Cari Viaggiatori

venerdì, 17 agosto 2018

Cari Viaggiatori,

ci “risiamo” e soprattutto ad Agosto!! Mese di aspettate e meritate ferie.

Sono onestamente combattuta nell’esprimere in sincerità il mio pensiero in merito allo stile di viaggio dei miei connazionali e prevedo benissimo che questa personale visione scatenerà il “putiferio” da parte di alcuni di voi.. ma è doveroso, in quanto come collaboratrice e contitolare del Tour Operator Viaggitribali.it, sto assistendo ad una vera trasformazione decisamente in forte declino in termini di Natura e Stile del Viaggio.

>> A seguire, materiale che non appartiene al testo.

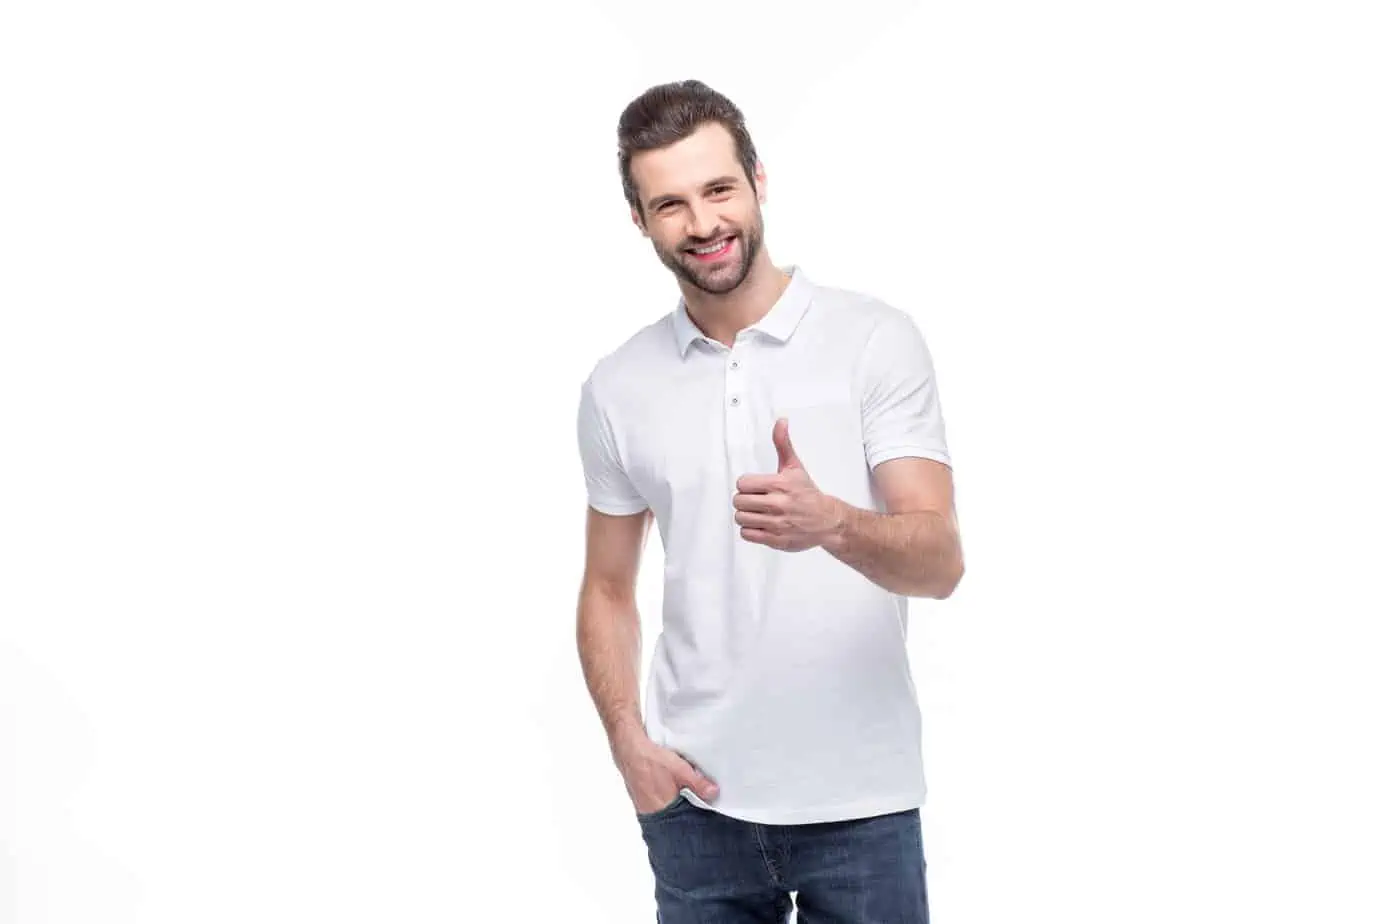 A man in a white shirt giving a thumbs up

Organizziamo Viaggi, alla scoperta e conoscenza della destinazioni dei Paesi più remoti, molto lontani dal nostro Bel Paese. Eppure, per la maggior parte di noi italiani, i nostri standard dovrebbero essere sfacciatamente presenti ovunque noi decidiamo di andare a visitare, forti del fatto che avendo pagato, abbiamo il diritto di pretendere, ovunque! Non c’è differenza tra un villaggio a Sud Etiopia o in Pakistan a 4000 metri in altitudine. Pretendiamo acqua calda per la doccia, letti puliti come i nostri a casa, nessun tipo di insetto, cibo in quantità e cucina internazionale (qualcuno chiede anche spaghetti “al dente”), strade senza buche, auto che non si rompano durante il viaggio (sospensioni, pneumatici), animali sempre visibili…guai se non li vediamo nel mese che abbiamo deciso di partire, abbiamo pagato!!..  guide che parlino perfettamente la nostra lingua, mance non dovute. Entriamo in case senza chiedere, fotografiamo con i flash abbaglianti popoli senza chiedere, animali, urliamo ovunque, gettiamo dal finestrino caramelle ai bambini, a volte anche l’acqua in bottiglia perché calda! (ci è capitato in Africa in stagione di siccità).

Abbiamo assistito tante volte a questi orrendi e impensabili comportamenti, ed ogni volta ci vergogniamo di essere italiani.

Dunque, non pretendo di convincere nessuno a pensare come me, ma almeno non proclamatevi viaggiatori con esperienza, pellegrini del Mondo con a casa tutte le bandierine messe sul mappamondo. No grazie, non intendo convincere nessuno ad iscriversi ai nostri viaggi!

Per chi punta il dito, per chi urla, per chi è prepotente, per chi non rispetta il prossimo, per chi ha solo diritti e non doveri…, il nostro invito è quello di non far parte della nostra filosofia del viaggiare, che invece vanta fortunatamente tante brave persone e rispettosi viaggiatori.

Bene, la guerra è aperta. Sono pronta a tutto, chissà quanti punti di vista mi arriveranno, ma non sono più disposta ad accogliere le lamentele banali e non costruttive. Spesso non si notano le particolarità del viaggio, la natura, gli animali incredibili, la popolazione, la storia, la cultura del luogo, ma invece si nota un finestrino dell’auto rigato, una stanza d’albergo non in linea con i nostri standard di pulizia e manutenzione, una guida che è troppo seria e silenziosa e tante, tante altre banalità.

Viaggiate ed offritevi a nuove abitudini, fidatevi del prossimo, abbiate cura di un buon gesto rivolto a chi è più debole, di una piccola mancia lasciata per altruismo, fate del bene, lasciatevi andare e portate pazienza, siate tolleranti. Svuotatevi di tutto il superfluo dalla vostra mente quando partite, apritevi al diverso ed abbiate il coraggio di vivere totalmente l’esperienza del VIAGGIO.

Barbara e Viaggitribali vi ringraziano per l’attenzione.